This year is the third J will be having a party where we don't have to clean up after ourselves. We eased our way into the party mania and had a small bowling party when J turned five. He invited his sister, two cousins and a couple of friends. We did have some tension over keeping our guests on our own lane and trying to loosely enforce the concept of turns but overall we were happy with the party and leaving the mess for our party attendant.

Last year after having spent several years mocking people who have gigantic kid birthday parties, we had a gigantic kid birthday party. For the 6th we invited most of his class and a few extra friends for a gymnastic extravaganza. It was one of the most economical parties for a small herd of children and well worth the money. An hour of playing in the foam pit, bouncing on the trampoline and the kids were ready for pizza and cake. A chaotic few minutes of present opening, a couple rounds of 'what time is it Mr. wolf' and bingo party was over. A bit hit except for the mound of presents which seemed excessive by anyone's measure.

With J's past two parties and even S's party this year there was not much discussion about where we'd have the party unless you count the two month of internal dialogue in my head. I presented my idea to Husband who wisely agreed. I pitched it to the birthday child who did not know they really had a choice.

That changed this year.

I did not want to repeat the GKP (gigantic kid party) so my idea was to go small and splashy: a climbing wall party. They are more expensive but for a price similar to last year we could have in intimate party with J boy and 4 or 5 buddies and not spend the equivalent of a car payment on loot bags.

I didn't really spend a lot of time thinking about selling the idea to the soon-to-be birthday boy as I thought he'd jump at the chance. I did float a trial balloon around the time of S's party and he seemed amenable. But as they say, the devil is in the details.

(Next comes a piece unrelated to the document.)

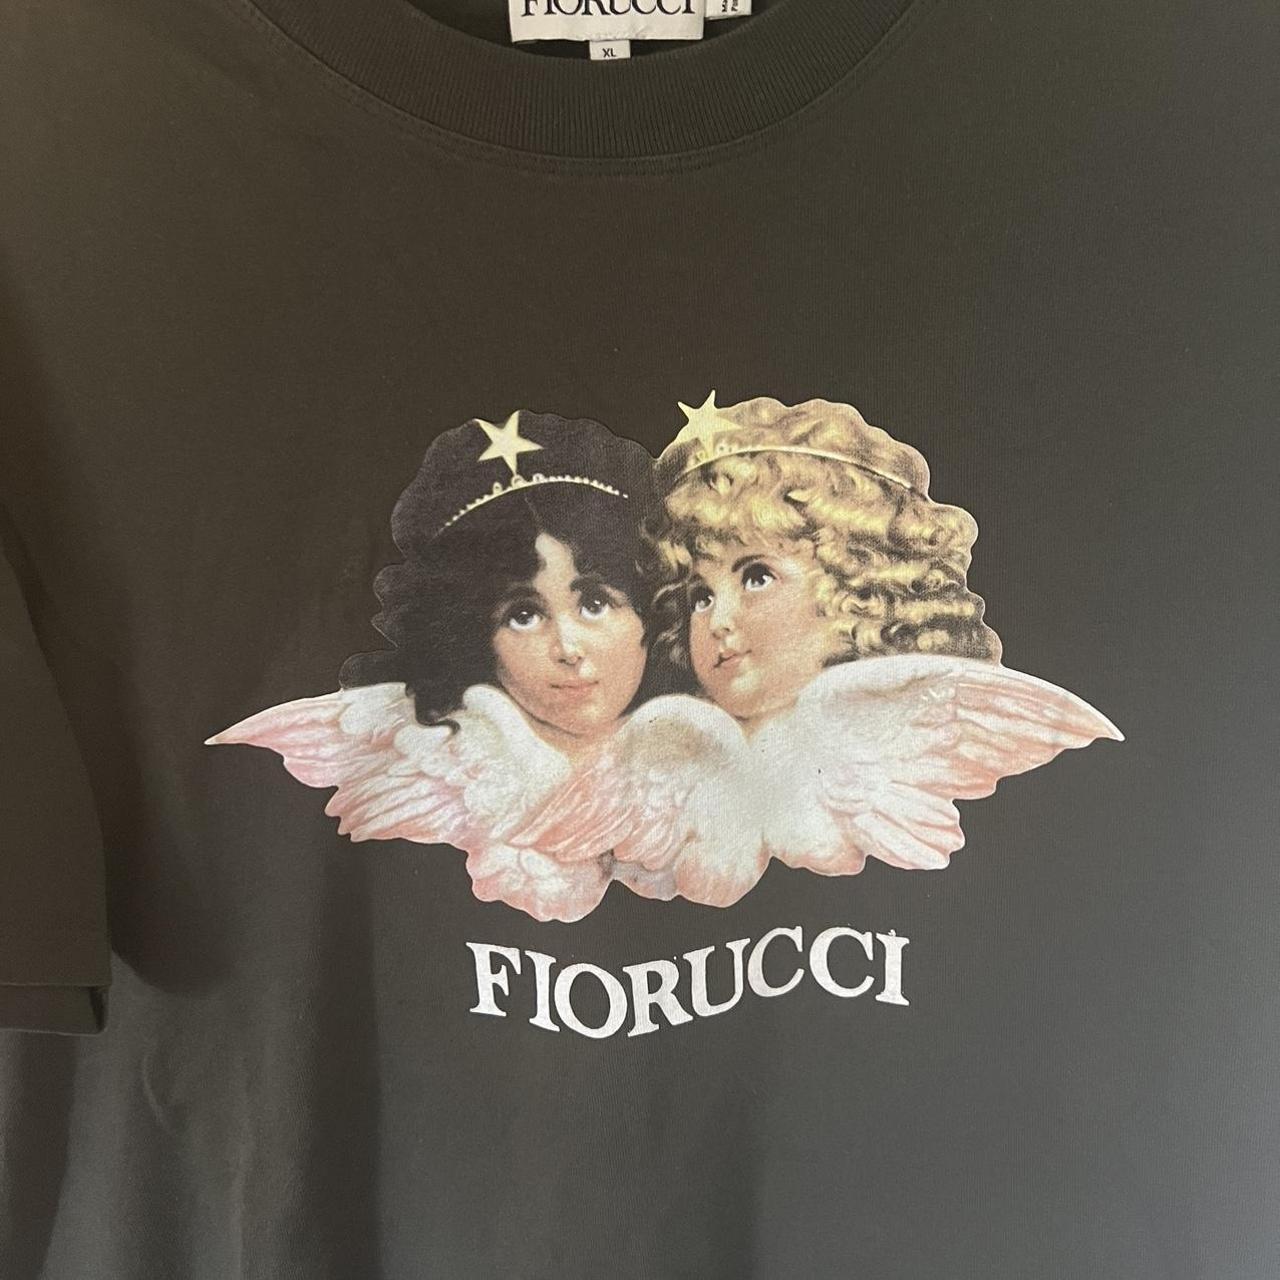 Fiorucci Women's T-shirt | Depop

October was a nutty month for Husband and I. I tried a few times to engage J in discussing the party and guest list. I knew I needed to reserve the party. But I needed to secure his formal agreement on the party venue. As we creeping into November, I was starting to develop that nervous tic.

I finally laid out the options clearly: very cool wall climbing party with 4 or 5 good friends or lame bowling party with more friends. In retrospect I should have spent a little more time on my marketing plan.

Neither option got the nod. Climbing too small and bowling by my own advertisement was lame. And, as he told me "I always have bowling parties". Right, that one time when you were five.

I waited a day thinking that he might be manipulated into my way of thinking, i.e the climbing party, but the boy is not always as pliable as I would like. He steadfastly maintained that he wanted a bigger party than 4 or 5. And that a bowling party was a no-go.

And so in between dental appointments and ballet classes I mused party options. Occasionally, I'd flip an idea over to Husband who would give me his on-the-fly assessment. In a moment of either desperation or brilliance I thought of a martial arts party where J takes tae kwan do. I really thought I was doing well when they had openings. But was disappointed when the 'junior leaders' led the party at an extortionate party rate. And that didn't include food. Or drinks.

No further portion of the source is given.